### Records for this exercise

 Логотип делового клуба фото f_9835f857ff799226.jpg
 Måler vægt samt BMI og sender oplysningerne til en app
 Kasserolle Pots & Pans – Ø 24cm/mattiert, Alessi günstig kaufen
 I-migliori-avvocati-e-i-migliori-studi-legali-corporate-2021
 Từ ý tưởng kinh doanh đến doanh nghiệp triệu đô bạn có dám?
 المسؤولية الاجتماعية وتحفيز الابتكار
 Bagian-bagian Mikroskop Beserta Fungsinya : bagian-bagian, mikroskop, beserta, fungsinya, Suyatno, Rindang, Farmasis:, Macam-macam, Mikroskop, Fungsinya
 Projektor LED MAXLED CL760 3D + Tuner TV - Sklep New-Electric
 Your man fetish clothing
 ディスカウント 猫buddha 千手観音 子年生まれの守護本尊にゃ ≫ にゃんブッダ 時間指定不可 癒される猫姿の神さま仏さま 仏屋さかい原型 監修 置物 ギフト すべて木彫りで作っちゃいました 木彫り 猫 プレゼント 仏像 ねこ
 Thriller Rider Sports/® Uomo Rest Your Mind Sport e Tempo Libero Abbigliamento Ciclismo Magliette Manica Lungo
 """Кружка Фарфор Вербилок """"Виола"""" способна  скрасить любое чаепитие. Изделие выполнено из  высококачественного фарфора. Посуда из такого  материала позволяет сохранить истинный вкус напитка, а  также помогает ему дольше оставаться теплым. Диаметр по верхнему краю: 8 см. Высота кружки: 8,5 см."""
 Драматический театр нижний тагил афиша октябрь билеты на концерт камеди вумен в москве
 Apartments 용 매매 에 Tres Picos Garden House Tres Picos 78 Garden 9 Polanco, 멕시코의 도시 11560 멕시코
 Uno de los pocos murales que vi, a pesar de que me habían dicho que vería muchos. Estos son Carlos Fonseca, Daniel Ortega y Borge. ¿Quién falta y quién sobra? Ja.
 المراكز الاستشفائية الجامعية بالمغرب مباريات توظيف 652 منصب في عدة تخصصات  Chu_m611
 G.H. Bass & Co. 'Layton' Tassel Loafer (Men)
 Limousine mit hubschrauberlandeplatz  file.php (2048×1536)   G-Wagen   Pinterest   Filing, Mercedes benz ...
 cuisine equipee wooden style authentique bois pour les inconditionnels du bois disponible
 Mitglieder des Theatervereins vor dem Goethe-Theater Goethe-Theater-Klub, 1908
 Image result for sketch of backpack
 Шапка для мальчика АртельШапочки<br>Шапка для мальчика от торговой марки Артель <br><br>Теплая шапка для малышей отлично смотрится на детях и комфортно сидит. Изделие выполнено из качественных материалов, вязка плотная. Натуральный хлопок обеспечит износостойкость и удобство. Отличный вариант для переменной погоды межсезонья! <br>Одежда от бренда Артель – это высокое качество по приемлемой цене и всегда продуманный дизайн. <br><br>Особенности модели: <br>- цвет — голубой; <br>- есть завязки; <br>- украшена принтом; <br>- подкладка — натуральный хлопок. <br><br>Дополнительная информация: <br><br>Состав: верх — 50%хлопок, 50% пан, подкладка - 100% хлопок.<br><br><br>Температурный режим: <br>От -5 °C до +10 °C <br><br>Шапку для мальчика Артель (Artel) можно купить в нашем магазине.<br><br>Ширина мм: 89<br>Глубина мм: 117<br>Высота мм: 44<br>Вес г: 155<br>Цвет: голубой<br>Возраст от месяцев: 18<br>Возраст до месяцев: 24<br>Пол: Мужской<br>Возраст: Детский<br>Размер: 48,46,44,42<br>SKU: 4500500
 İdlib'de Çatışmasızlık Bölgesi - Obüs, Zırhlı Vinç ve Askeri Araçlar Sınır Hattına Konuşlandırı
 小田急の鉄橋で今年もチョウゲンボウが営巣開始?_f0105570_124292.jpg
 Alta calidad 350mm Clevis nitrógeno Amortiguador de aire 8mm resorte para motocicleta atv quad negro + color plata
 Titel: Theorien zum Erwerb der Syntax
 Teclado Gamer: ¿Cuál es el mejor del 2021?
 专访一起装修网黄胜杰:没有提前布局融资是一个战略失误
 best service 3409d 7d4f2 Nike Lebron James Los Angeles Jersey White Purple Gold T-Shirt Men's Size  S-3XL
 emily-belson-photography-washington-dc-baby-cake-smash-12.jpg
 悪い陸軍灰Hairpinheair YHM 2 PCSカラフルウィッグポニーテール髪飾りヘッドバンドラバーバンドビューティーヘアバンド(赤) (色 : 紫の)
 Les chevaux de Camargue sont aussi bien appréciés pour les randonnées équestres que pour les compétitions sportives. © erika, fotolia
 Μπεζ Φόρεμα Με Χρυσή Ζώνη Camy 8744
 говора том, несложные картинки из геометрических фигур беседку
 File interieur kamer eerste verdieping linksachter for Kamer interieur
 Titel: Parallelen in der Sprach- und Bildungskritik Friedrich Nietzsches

### Required work
Above is a listing; print exactly its lines from the one with "Шапка для мальчика АртельШапочки<br>Шапка" through the one with "专访一起装修网黄胜杰:没有提前布局融资是一个战略失误", and no other lines.

### Answer below
 Шапка для мальчика АртельШапочки<br>Шапка для мальчика от торговой марки Артель <br><br>Теплая шапка для малышей отлично смотрится на детях и комфортно сидит. Изделие выполнено из качественных материалов, вязка плотная. Натуральный хлопок обеспечит износостойкость и удобство. Отличный вариант для переменной погоды межсезонья! <br>Одежда от бренда Артель – это высокое качество по приемлемой цене и всегда продуманный дизайн. <br><br>Особенности модели: <br>- цвет — голубой; <br>- есть завязки; <br>- украшена принтом; <br>- подкладка — натуральный хлопок. <br><br>Дополнительная информация: <br><br>Состав: верх — 50%хлопок, 50% пан, подкладка - 100% хлопок.<br><br><br>Температурный режим: <br>От -5 °C до +10 °C <br><br>Шапку для мальчика Артель (Artel) можно купить в нашем магазине.<br><br>Ширина мм: 89<br>Глубина мм: 117<br>Высота мм: 44<br>Вес г: 155<br>Цвет: голубой<br>Возраст от месяцев: 18<br>Возраст до месяцев: 24<br>Пол: Мужской<br>Возраст: Детский<br>Размер: 48,46,44,42<br>SKU: 4500500
 İdlib'de Çatışmasızlık Bölgesi - Obüs, Zırhlı Vinç ve Askeri Araçlar Sınır Hattına Konuşlandırı
 小田急の鉄橋で今年もチョウゲンボウが営巣開始?_f0105570_124292.jpg
 Alta calidad 350mm Clevis nitrógeno Amortiguador de aire 8mm resorte para motocicleta atv quad negro + color plata
 Titel: Theorien zum Erwerb der Syntax
 Teclado Gamer: ¿Cuál es el mejor del 2021?
 专访一起装修网黄胜杰:没有提前布局融资是一个战略失误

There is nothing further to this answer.